About noon, we arrived at
Los Testigos, a national park of several islands and a Coast Guard station but no services or supplies.  You enter between two of the larger islands to get to the protected areas for anchoring.  Drogheda chose the anchorage furthest to the west where it was less rolly.  Tucked behind a narrow sandy white beach, we were close enough to the Atlantic Ocean to hear the swells crash against the rocky shore on the other side.  Ten boats were there when we dropped anchor but more arrived, totaling 17 by the end of the next day.  We learned that this was a long holiday weekend in Venezuela, celebrating the birthday of Simon Bolivar, liberator of Venezuela.  By Tuesday, the visiting nationals had left and there were only us foreigners. 

Each place we visit has its own charm and uniqueness with varied topography, color and clarity of water, wind, fish, birds, etc.  The natural beauty of these islands is striking.  The water is clear,  emerald green in color due to the fresh water flow from Trinidad's Orinico River.  As the water shallows, the color pales to a light mint green before it breaks into gentle surf onto the white sandy beach.  Each day we dinghied to shore and stood or floated in the warm salty water.  So relaxing!  We also explored the rocky shore, glimpsing fish through the clear deep water.  Many birds perched on the rocks or flew around in search of fish.  One of the more unusual birds was a booby, colored like a penguin only in a dark brown rather than black tuxedo, white breast, long beak with eyes far down the beak, and webbed feet like a duck.  There were frigate birds with forked tails and pelicans.  One day as we were puttering along the shoreline in the dinghy, a gentle rain began to fall.  We noticed that many of the drops remained for a few seconds upon the water's surface, like drops of water on a freshly waxed car.  Bob said it was the heavier salt water's surface tension that kept the lighter-weight fresh water drops floating on the surface for a few instants, but it looked like magic.

One night Jackie prepared a wonderful dinner of cracked conch, fries, and slaw.  I took lemon squares and chocolate chip cookies for dessert.  Mel regaled us with stories about Venezuela and Trinidad.  They have been in the area for three years and he has written an article for publication.  The following night, they came to our boat for dinner and gave us our first lesson playing dominoes, a game of chicken foot. 

Beach at Los Testigos

Sunset at Los Testigos

On Wednesday, July 26, 2000, we departed with Drogheda at 5:50 a.m. for Margarita.  As we got into the deep water, I saw a fin, then several more, and realized these were dolphin, not sharks.  Six leaped out of the water, gracefully arced into a dive back into the water, swimming along in the boat's wake, then under the boat and to the other side, biding us adieu and inviting us back to their beautiful home.  We motor sailed in a gentle wind and calm sea, again with a knot of current.  The sky was a deep robin's egg blue, wispy clouds along the horizon, some as if dabbed on lightly with an artist's sponge, others lightly brush-stroked horizontally like apostrophes with long tails.  What a glorious day!

The passage from Los Testigos to Margarita was 49 1/2 miles.  As we approached the island of
Margarita, we could see a skyline of many tall buildings, the likes of which we had not seen since Nassau in late December.  The mainland of Venezuela is less than 40 miles away.  Imagine!  We actually made it to Venezuela.  That's South America, another continent.  Had it not been for Mel and Jackie, we would not have ventured here alone.  Venezuela is reportedly less safe than the other countries we have visited.  However, Nashville is not exactly safe, either, especially for tourists.  We try to be careful and hope for the best. 

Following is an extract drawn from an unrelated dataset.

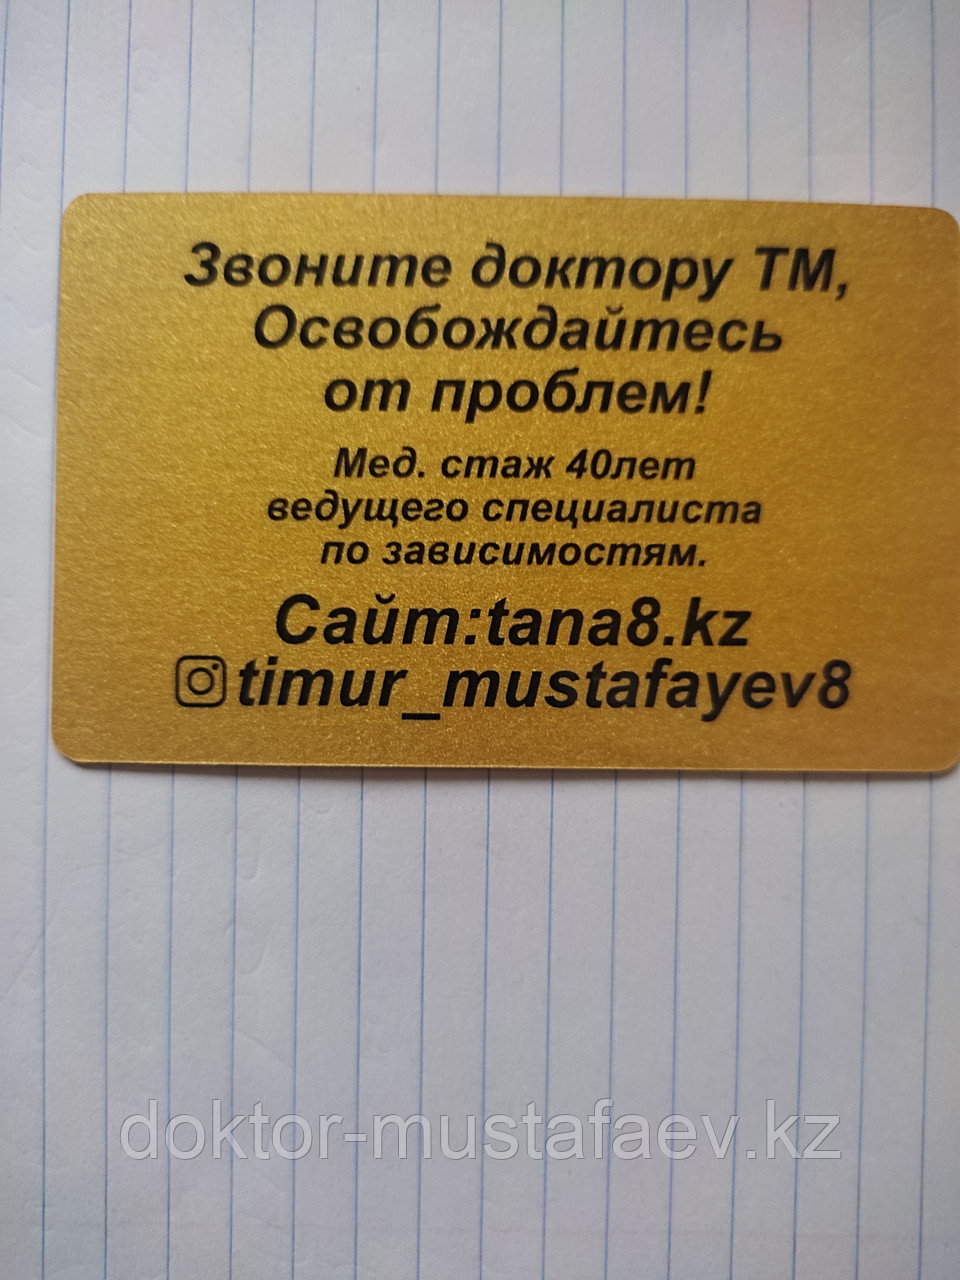 Эффективное кодирование в Алматы  или лечение без кодирования у опытного психотерапевта  doktor-mustafaev.kz

Margarita is the playground of Venezuela with beaches, high-rise hotels, condos, and casinos.  It is very cosmopolitan in a rough sort of way.  Our first trip into town was a real eye-opener, so different from the Windward and Leeward Islands we passed.  The grocery stores had delis, wine sections, bakeries, housewares, cosmetics, and almost anything you might want, almost but not quite like a Walmart.  We bought a whole beef tenderloin for $17.00 which the butcher trimmed and cut into medallions.  He takes a slab of meat covered in fat and trims it down to the tenderloin, cuts the filets then either slices the rest of the meat into thin pieces or grinds it into hamburger or leaves it in pieces for stir-fry.  We also got two thick New York strip steaks for $2.78.  A small percentage of the market's meat is prepackaged but most is cut to order.  People take numbers and wait very patiently for their turns.  One of the stores has padded stools to sit on while you wait.  Keep in mind that these prices have been converted to US dollars and actually cost 11562 Bs and 1892 Bs, respectively.  The money is mind-boggling with an exchange rate of 686 Bs to the US dollar.  We went to the bank to get money from the credit card. $300 US was 205,800 Bs.  The sheer numbers take some getting used to.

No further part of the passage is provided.